After a halt during mid-day in the thickets, we pushed on by a circuitous route towards a cleft or gorge in the mountains named the Dos d'Ane, which guarded the passage into Cabesterre, the more level and fertile part of the isle, and there the outpost of Scipio's black band was last seen, as our quadroon guide assured me. The French are said to have given the hill its name from a fancied resemblance to the form of an ass. The ascent was steep and rugged, as the narrow path over which we toiled in heavy marching order, with arms loaded and bayonets fixed—for we knew not the moment we might be attacked—was encumbered by masses of fallen rock; by deep rents and rifts in the cliffs of limestone and basalt, and through these runnels of warm and sulphureous water were trickling under the broad and fibrous leaves of the giant tropical weeds. Thick vapours rose here and there from stagnant pools which were shrouded by dwarf mangroves; but beyond this gorge which was so gloomy, that one might fancy it led to the putrid lake of Avernus, rose mountain slopes covered by velvet-green, and trees of every kind.
A profound and melancholy silence reigned here; at least, we heard only the croak of the huge frogs that squatted in the marshy pools, or the voice of the mocking-bird in a grove of fern-palms; and now as evening began to fall, and we penetrated deeper into the gloomy gorge of the Dos d'Ane, our guide warned me that we were within a short distance of the camp of the black insurgents—less than a mile, he thought.

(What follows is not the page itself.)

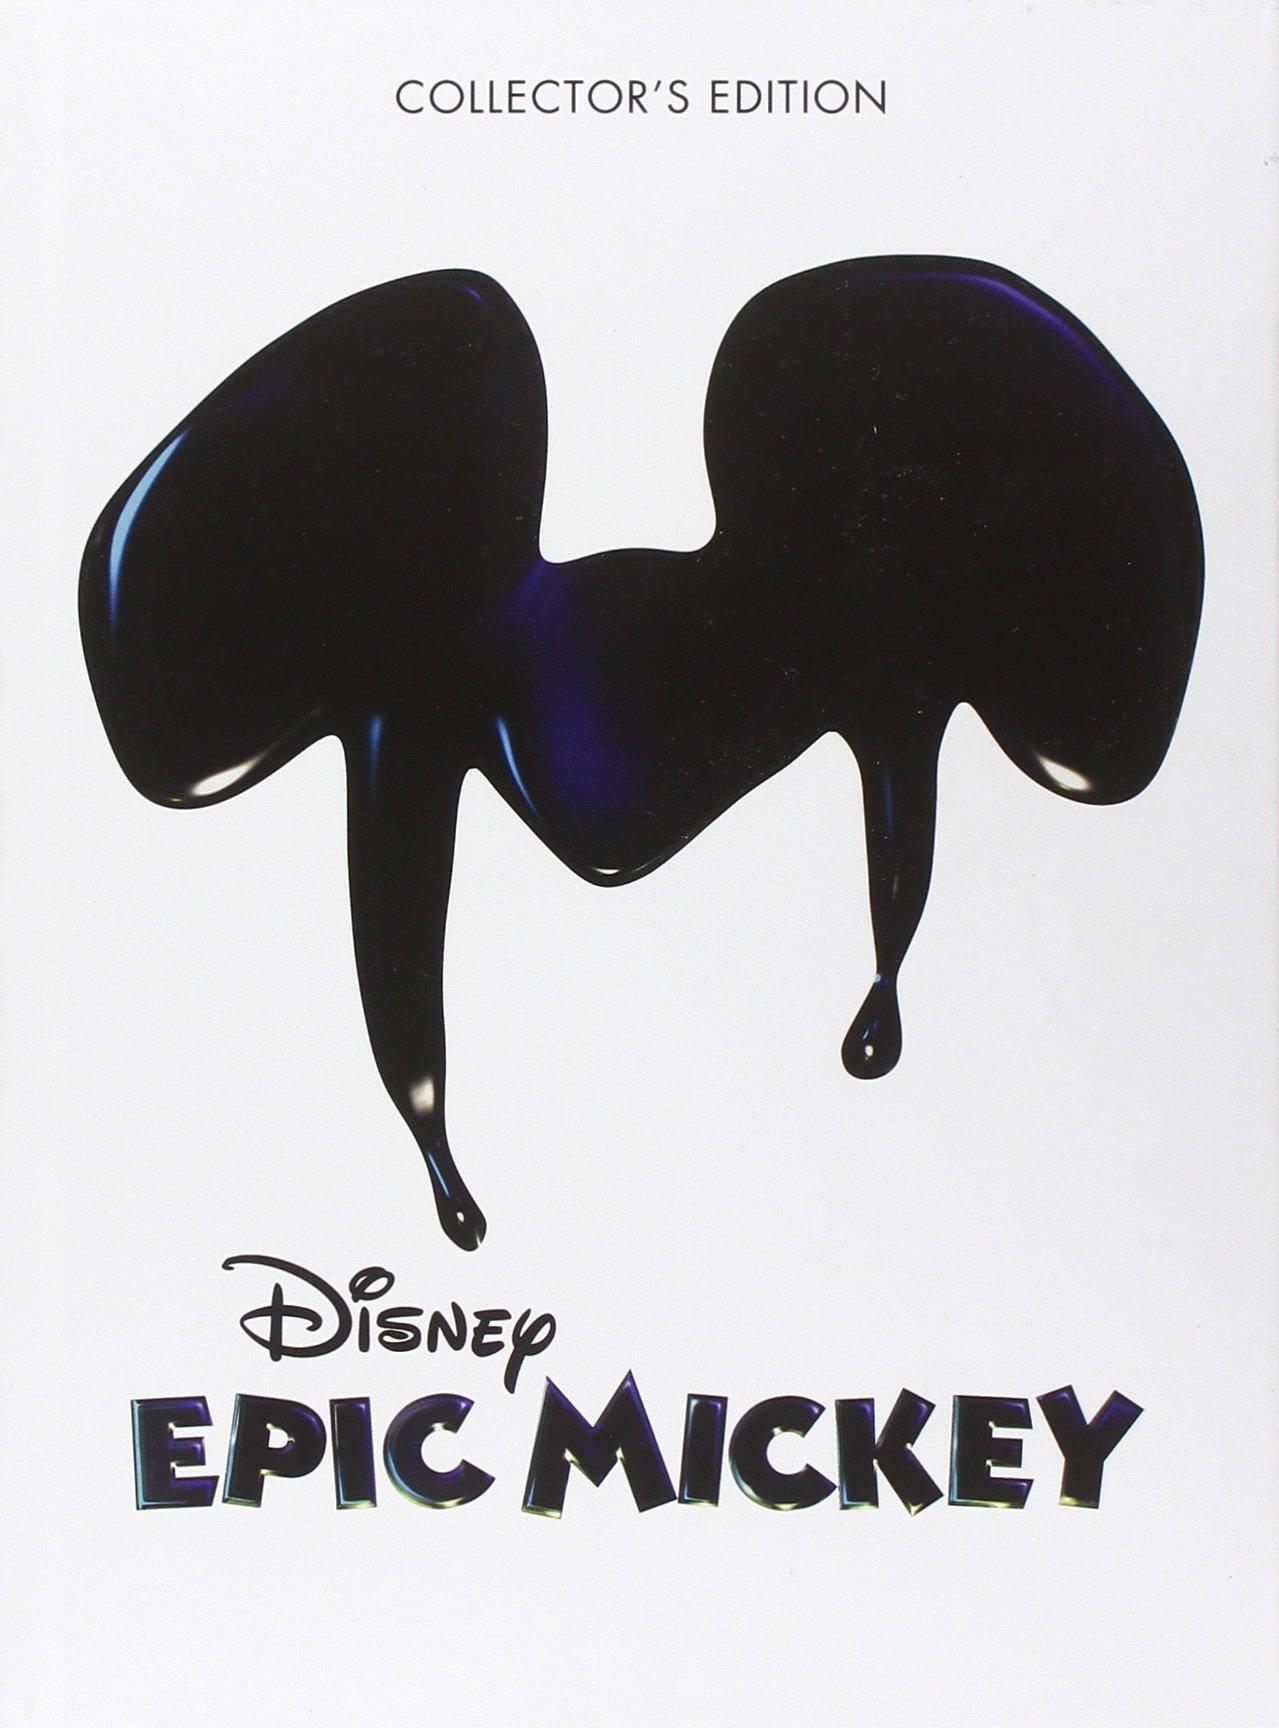 Disney Epic Mickey Collector´s Edition: Prima Official Game Guide Gebundene Ausgabe - 30. November 2010
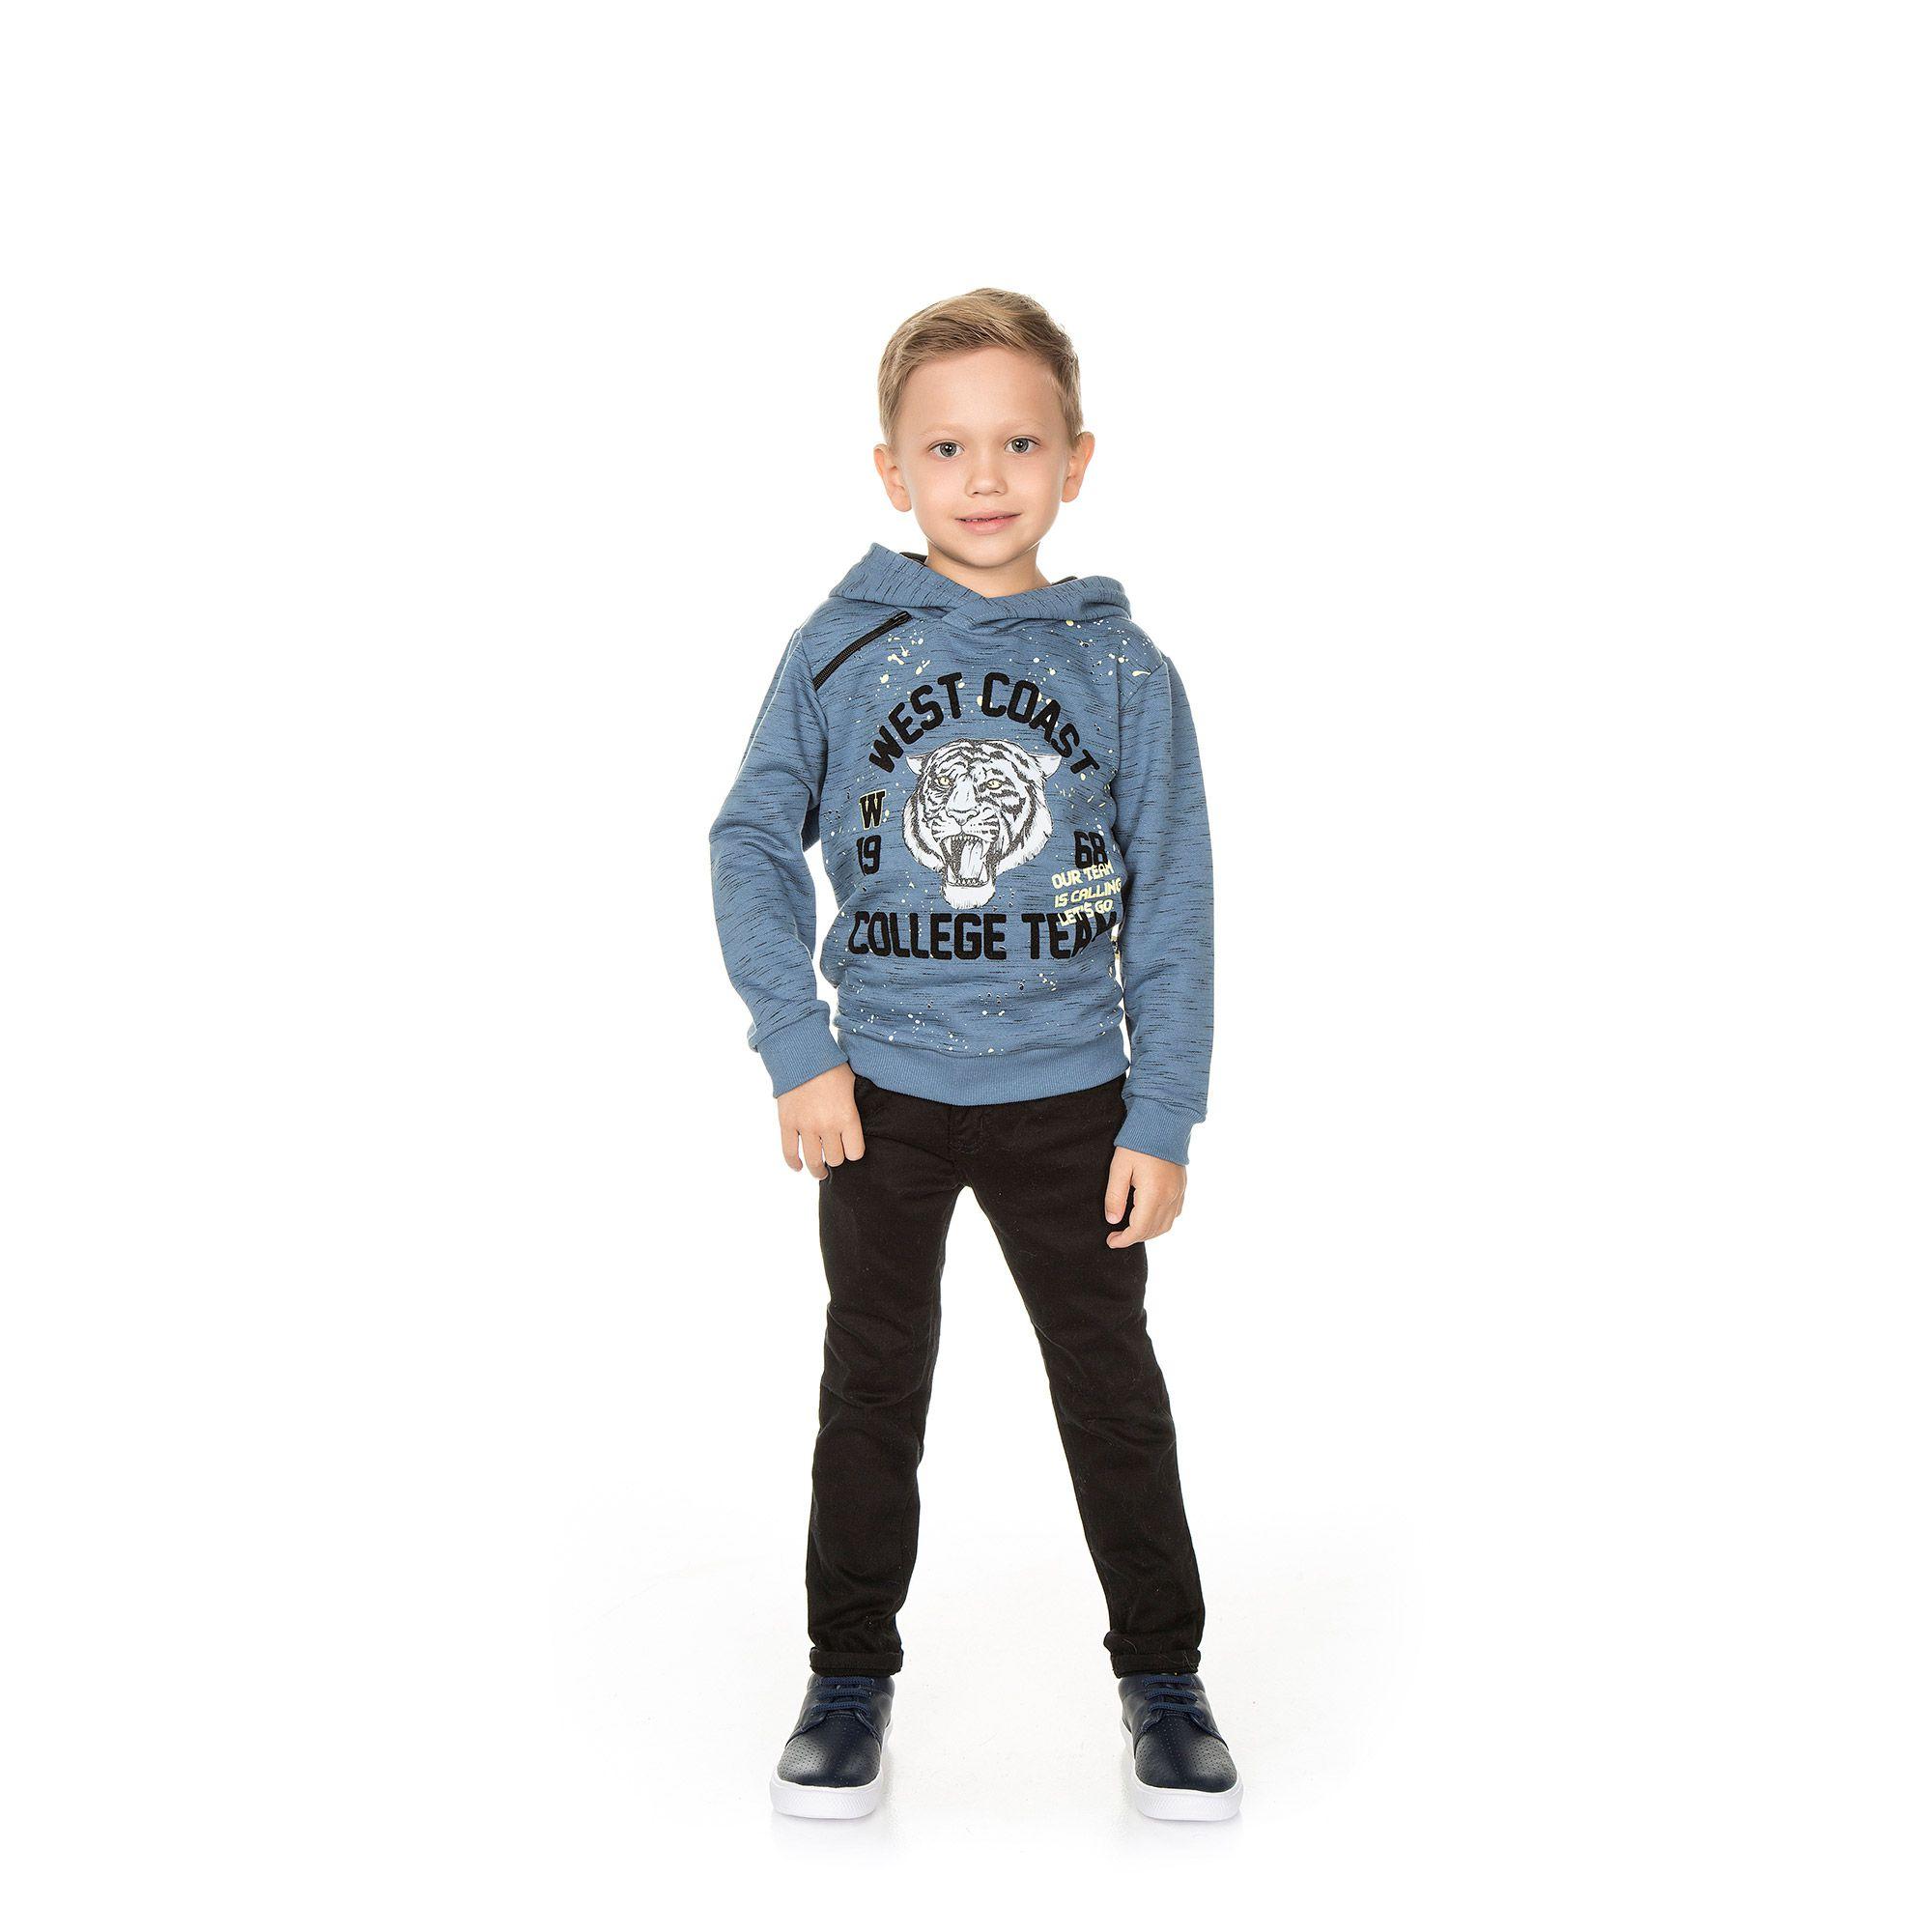 Casaco Infantil Masculino  - Ref 5026 - Diadema

A few hundred yards further on we found a deep and wooded ravine opening to the right of the narrow path. Therein I concealed the whole company, and so soon as the dusk favoured, went forward to reconnoitre, leaving my men orders to maintain the strictest silence until my return. Guided by the quadroon, I advanced through the cleft in the mountains, and ere long, by the various strange and tumultuous sounds which woke their echoes, I found that we were approaching the camp of Scipio.
Lest the guide might play me false—for we had no great faith in men of colour—I had shown him significantly a pair of loaded pistols, that were stuck somewhat ostentatiously in my waist-belt; but the poor fellow proved every way faithful, and here, for the benefit of the uninitiated, I may mention that a quadroon is the child of a white and a mulatto, who is the child of a pure black and a European; but there are also black as well as white Creoles—the former being the children of slaves, born and reared in degradation and slavery.
CHAPTER LXIII.
THE WORSHIPPERS OF THE DEVIL.
A lurid light that played and wavered on the rocks and tufted trees of the deep pass, indicated to us distinctly the camp of the enemy, who were evidently engaged in some orgy, ceremony, or sacrifice—we knew not which, amid their fancied security, and under the shadow of night.
The quadroon led me up the face of the rock, by a path known apparently only to himself and the monkeys of that locality, it was so steep and dangerous; but after creeping forward on our hands and knees, I suddenly found myself overlooking a very singular and startling scene.
About fifty yards below me lay the camp of the negroes, on a green plateau, which they had rudely but strongly fortified by palisades of palms and bamboos, pegged or wattled together, and banked up within and without to form a species of breastwork. In the centre of this arena, a vast fire was blazing, and by its light the whole place and its inhabitants were visible as distinctly as they might have been at noon-day. The circular camp seemed to swarm with woolly heads and black forms, glowing redly in the flames, which, as they were blown to and fro by the passing breeze, imparted to every object a weird and unearthly aspect. Amid this sable crowd, gleamed bayonets, muskets, pikes, sabres, and agricultural implements, which had been sharpened and fashioned into impromptu weapons. When I saw their numbers, the ferocity of their black features, their bloodshot eyes and white teeth, as they jabbered and grinned; and when I heard their war-songs, their horrible yells and screams, the smallness of the force under my command, and the desperation of the duty on which I had been sent, came painfully and vividly before me.
Moreover I became aware that if the safety of the abducted M. de Thoisy was to be achieved, there was no time to be lost in attacking them, as preparations for a deed of horror were in rapid progress within the camp.